U.S.
Oklahoma Department of Corrections / AP

Judge hears of ‘bloody mess’ execution as Okla. seeks to lift moratorium

State suspended executions after botched lethal injection

A federal judge heard witness testimonies on Wednesday regarding Oklahoma's attempt to resume executing prisoners, nine months after the lethal injection of Clayton Lockett lasted an excruciating 43 minutes, during which an artery burst, causing what one warden described as “a bloody mess.”

Attorneys representing 21 death-row inmates in Oklahoma filed court documents on Friday revealing that Lockett’s death was far more grisly than previously portrayed, according to The Tulsa World newspaper on Sunday.

In court testimony Wednesday, Dr. Joseph Cohen, a pathologist hired by the inmate's lawyer, said he was convinced Lockett suffered after being declared unconcious.

"Mr. Lockett had been deemed unconscious but became conscious again," Cohen testified at the hearing, which will decide if Oklahoma should resume executions Jan. 15 after a self-imposed moratorium.

The public previously learned that Lockett’s April 29 execution lasted nearly 45 minutes and that his protracted death was only the latest in a string of executions that went awry. Descriptions of his final minutes reignited controversy around the usage of secret, untested drugs.

But according to The Tulsa World, earlier reports left out gruesome details of Lockett’s death that the state’s public safety office tried to keep sealed.

One witness said the execution “was like a horror movie,” the newspaper reported, with a paramedic describing 16 failed attempts to find Lockett’s vein.

Oklahoma State Penitentiary warden Anita Trammell told prison officials that Lockett’s artery burst, causing “a bloody mess,” according to the new court documents (PDF).

The doctor administering the intravenous drugs, Trammell said, “commented that he had to ‘get enough money out of this to go and buy a new jacket,’” the documents said.

The doctor was finally able to administer the sedative midazolam through Lockett’s femoral vein, marking the first time Oklahoma used the drug during an execution.

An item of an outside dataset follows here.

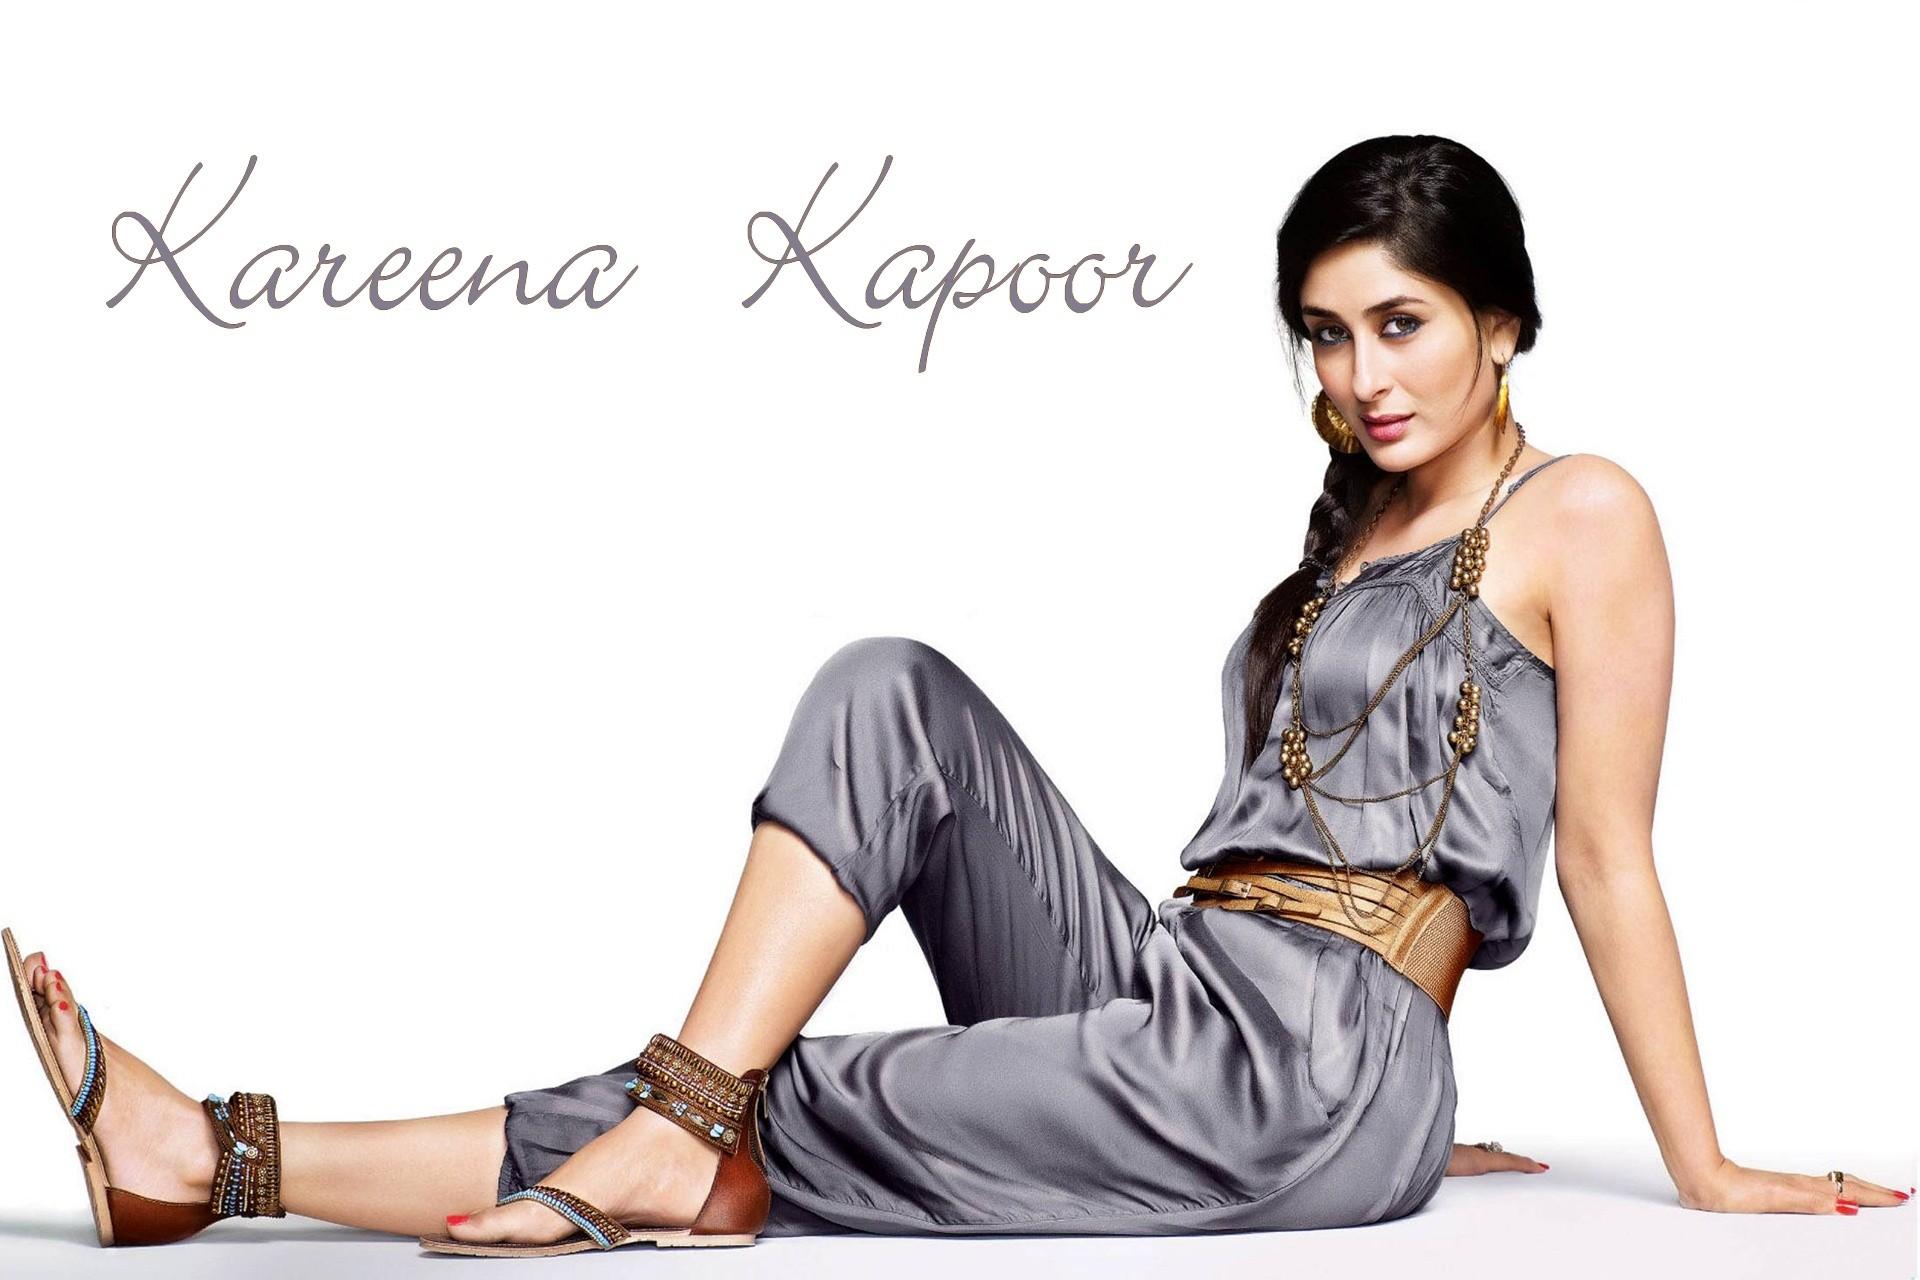 30 Kareena Kapoor Hot Pictures And Wallpapers Collections - Cinejolly

When the doctor tried to set a second IV line, he inadvertently hit an artery, and blood backed up into the IV line, the paramedic recalled, “I don’t think he realized that he hit the artery, and I remember saying, ‘You’ve got the artery. We’ve got blood everywhere,’” the documents said.

When Trammell was asked what the plan was if they found another vein, considering they had already injected all the drugs they had, “she said there was no plan.”

The executioners involved in the process reported that Lockett had a violent reaction to the drugs, writhing on the table and lurching upward.

“In my opinion, he tried to get up, because it floored me,’” the executioner told investigators, according to the documents.

Oklahoma Department of Corrections director Robert Patton admitted in the court documents that he had learned in March that it didn’t have the proper drugs required by the state’s execution procedures and wouldn’t be able to obtain them because of a shortage.

Patton also admitted that the drug cocktail was chosen not by Trammell but by the attorney general’s office, which did online research using “Wiki leaks or whatever it is,’” the court records said.

The office also read transcripts of an expert witness who had testified in Florida on the use of midazolam for an execution, but they never had a conversation about it.

“’I signed the damn thing,’” Trammell said, according to the court records. “’I did not write that policy. I did not choose those drugs.’”

Patton explained that there was political pressure to make the decision quickly. “The staff over there was under a lot of pressure to, to say, ‘Get it done,’” he said in the court documents. He added, “’I got to say there was a definite push to make the decision, get it done, hurry up about it.’”

While the governor stayed Lockett’s execution as the situation devolved, official autopsy results showed that Lockett died as a result of the drug cocktail given to him.

Prison authorities in multiple states are facing heightened pressure to halt executions following a series of disastrous executions. In Ohio, for example, executioners used an untested combination of drugs that caused condemned inmate Dennis McGuire to gasp and sputter for 30 minutes, the longest execution in the state in 15 years.